**Work to complete:**
Restate, word for word and with no pictures, the stretch of lines in the data below that begins at the line with "Kiša lije a" and ends at the line with "La façade de", inclusive.

**Available data:**
● ● ●
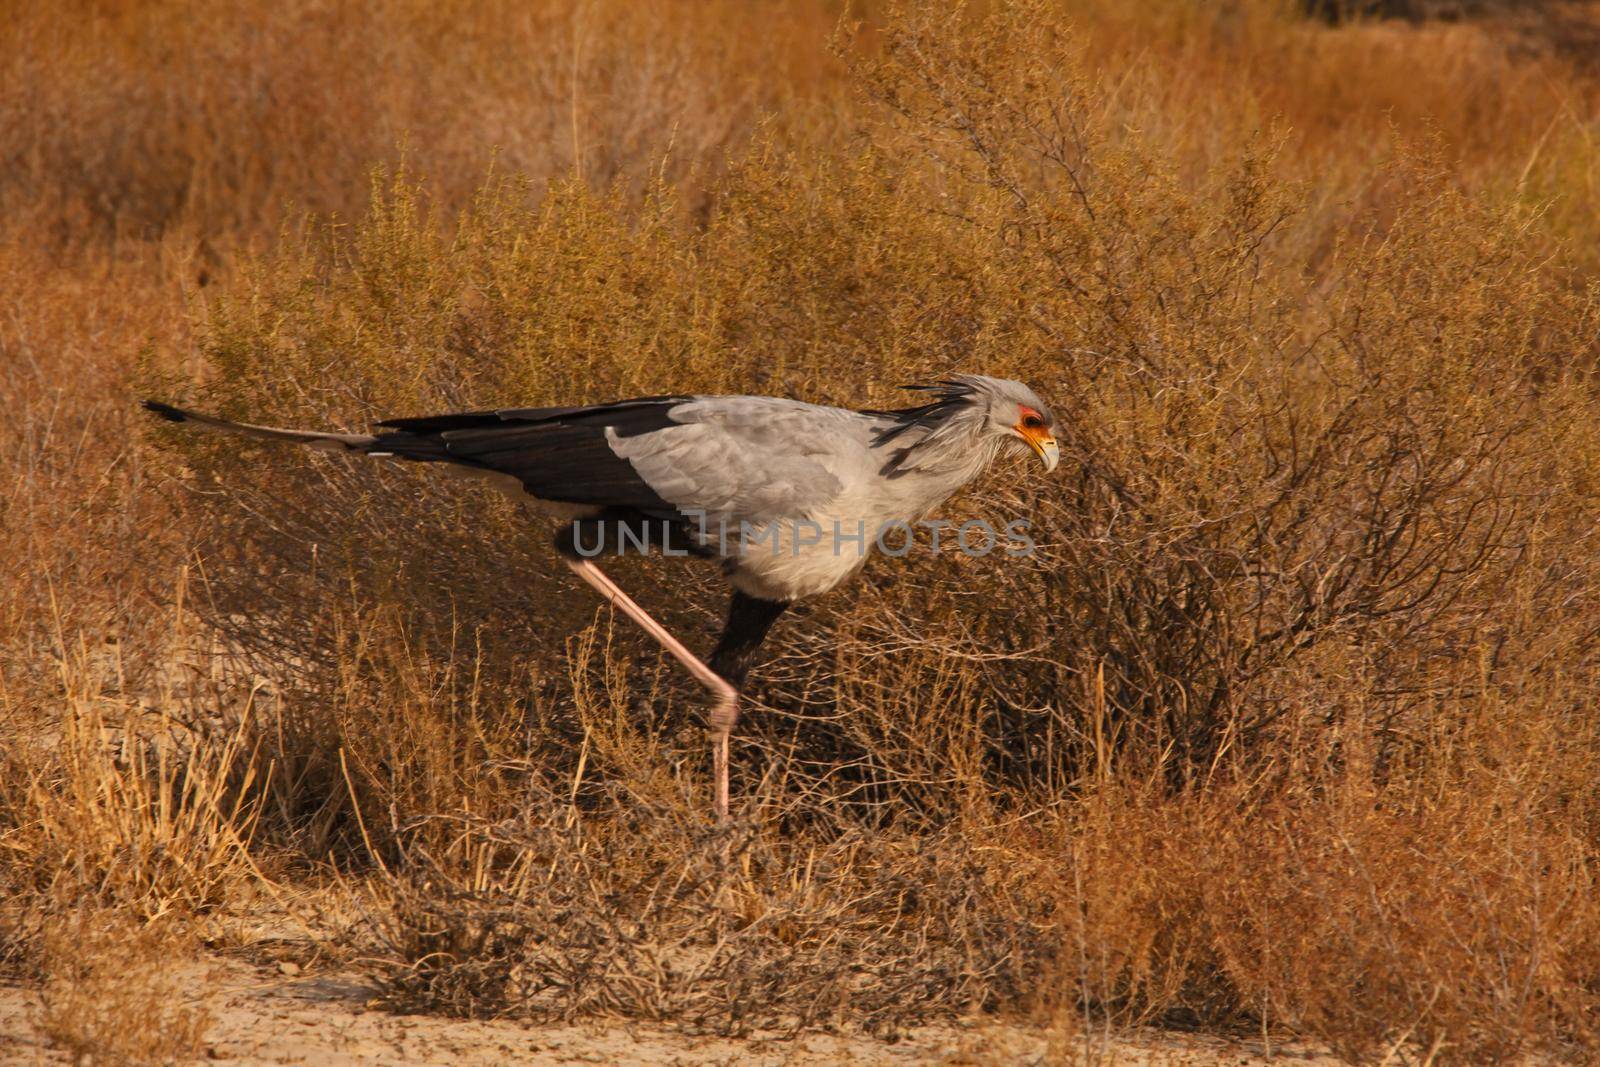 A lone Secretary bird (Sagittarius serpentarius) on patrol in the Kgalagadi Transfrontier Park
● ● ●
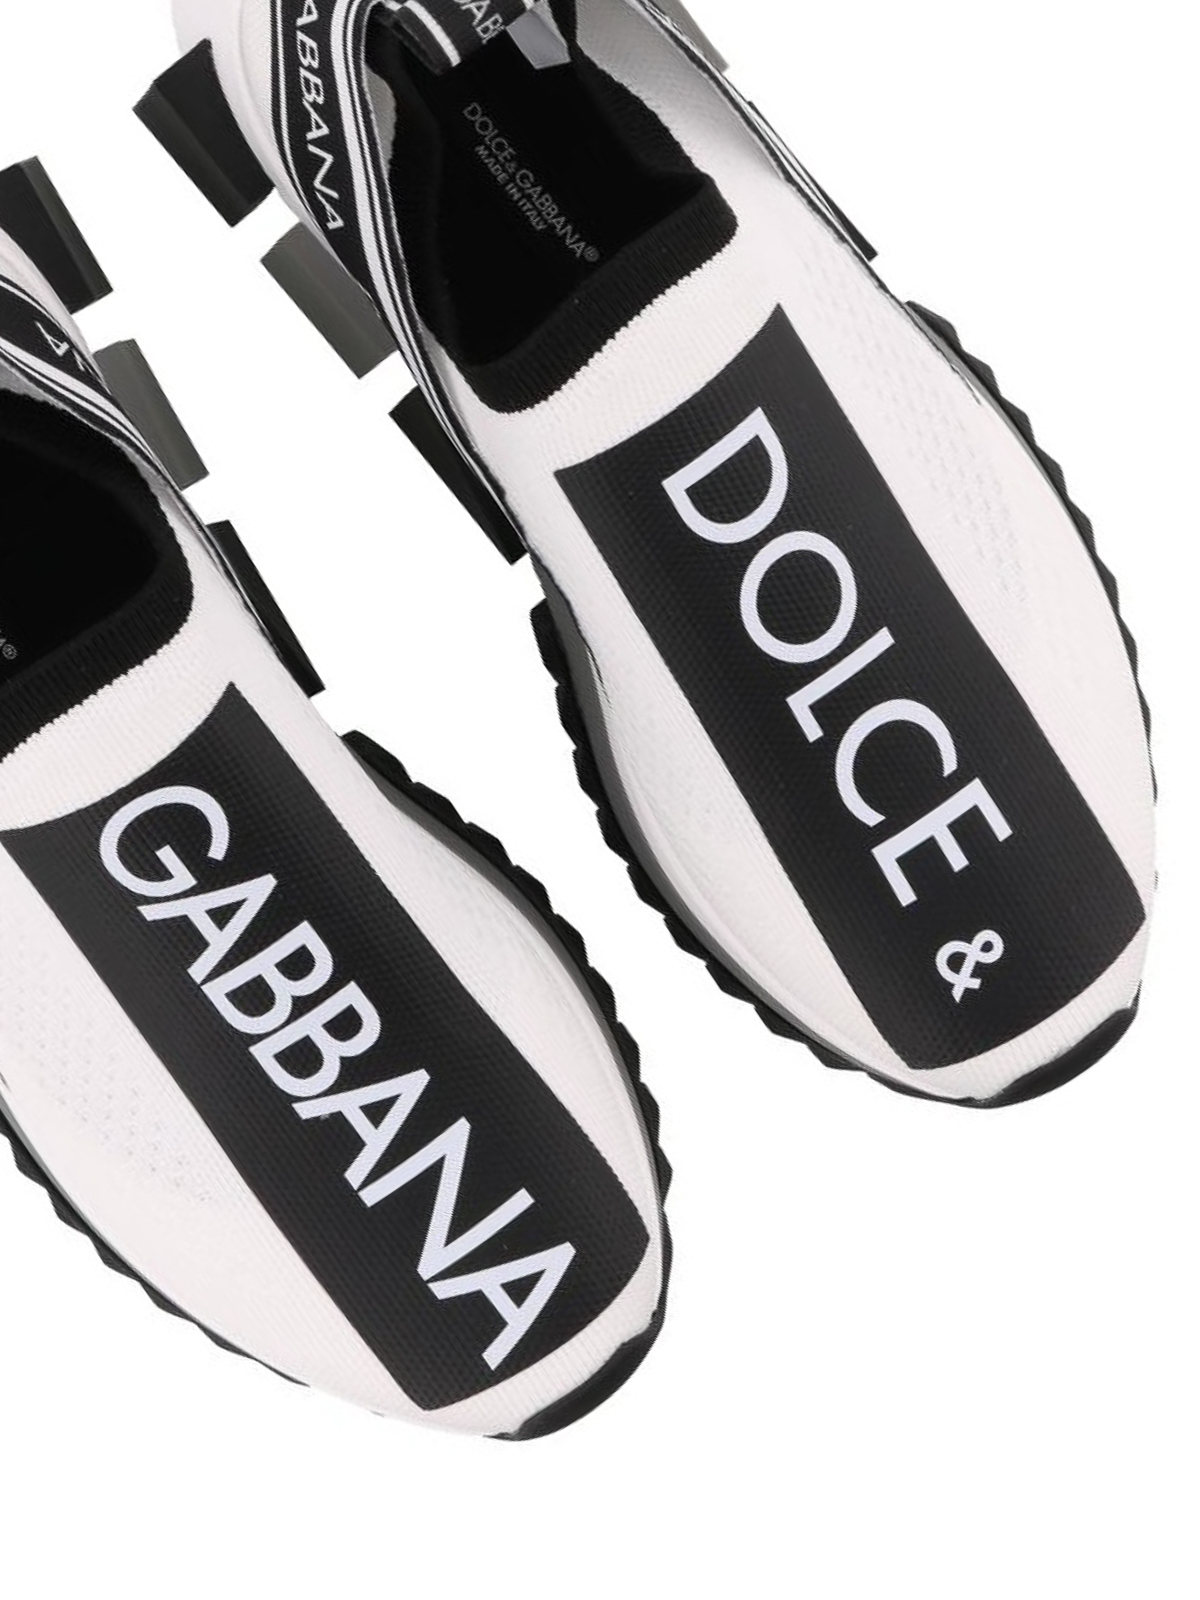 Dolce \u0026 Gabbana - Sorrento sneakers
● ● ●
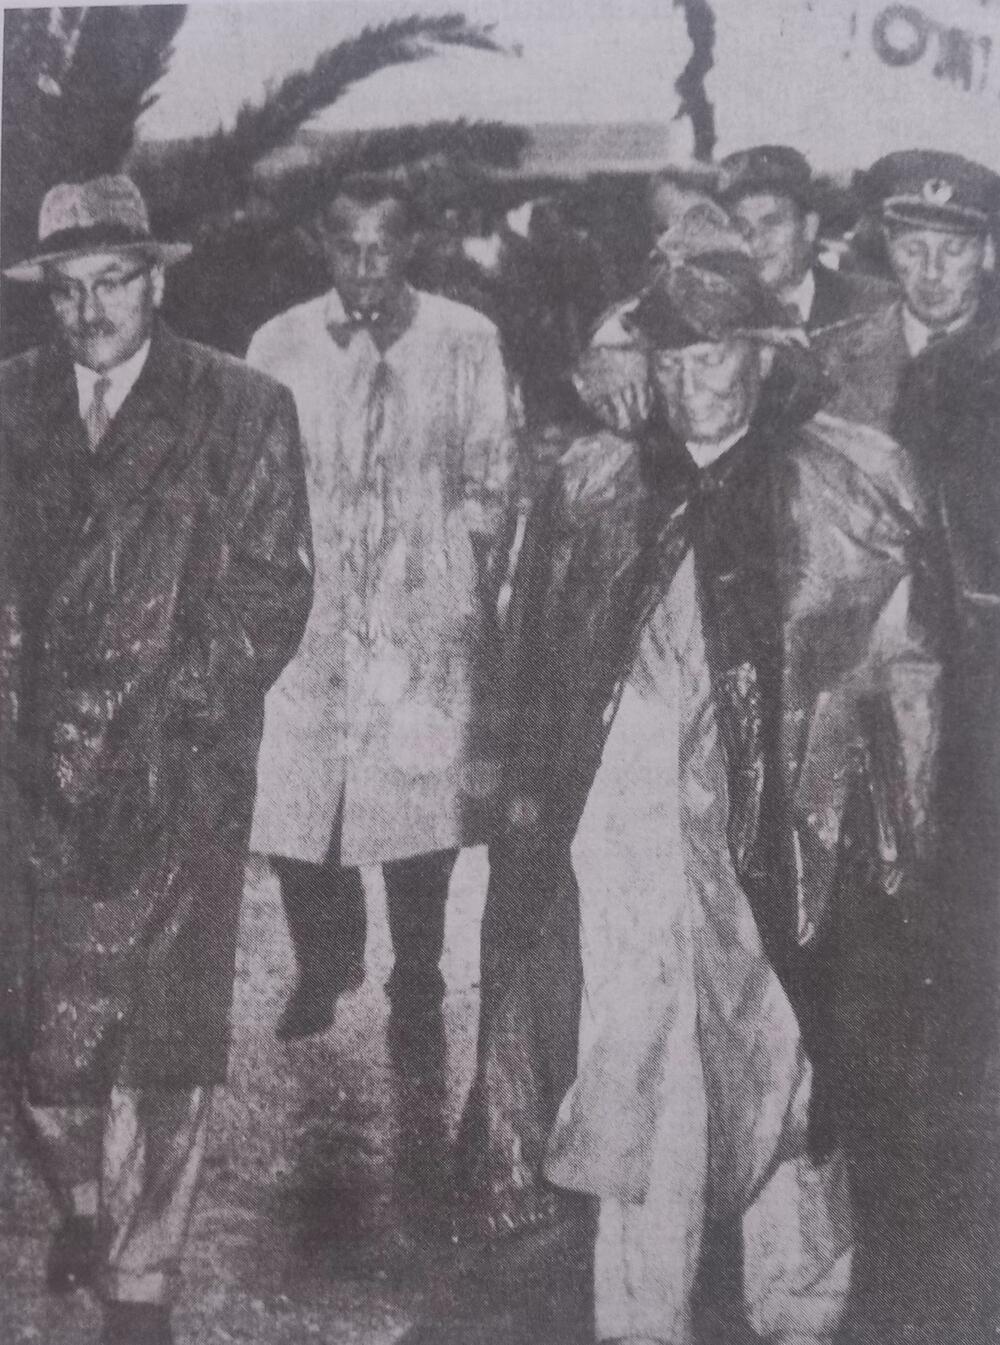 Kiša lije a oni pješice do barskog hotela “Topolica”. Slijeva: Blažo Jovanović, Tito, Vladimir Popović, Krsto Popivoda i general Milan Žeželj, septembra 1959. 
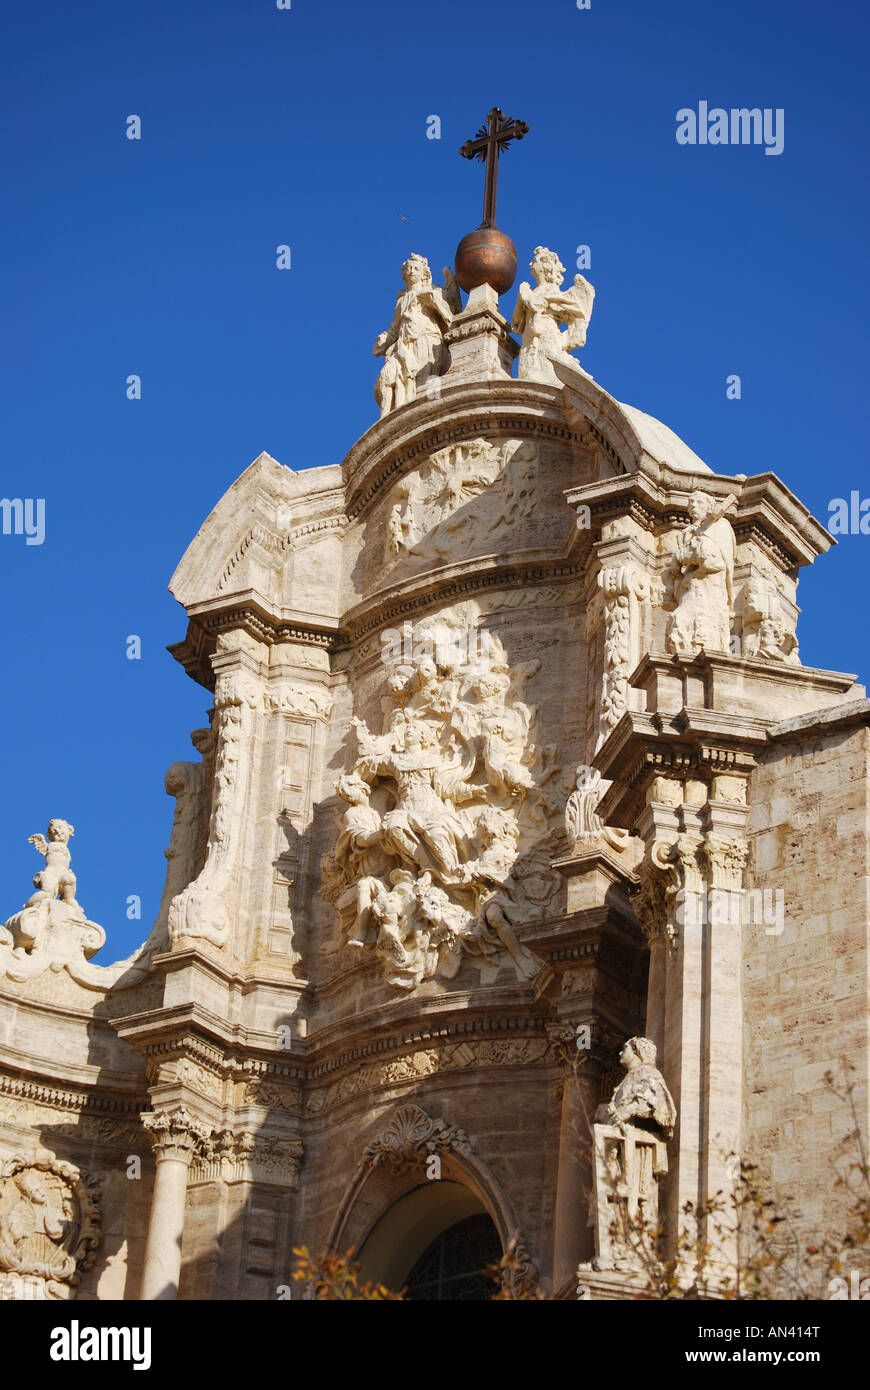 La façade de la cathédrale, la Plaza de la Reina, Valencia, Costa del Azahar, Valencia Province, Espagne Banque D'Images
● ● ●
**Solution to the exercise:**
 Kiša lije a oni pješice do barskog hotela “Topolica”. Slijeva: Blažo Jovanović, Tito, Vladimir Popović, Krsto Popivoda i general Milan Žeželj, septembra 1959. 
 La façade de la cathédrale, la Plaza de la Reina, Valencia, Costa del Azahar, Valencia Province, Espagne Banque D'Images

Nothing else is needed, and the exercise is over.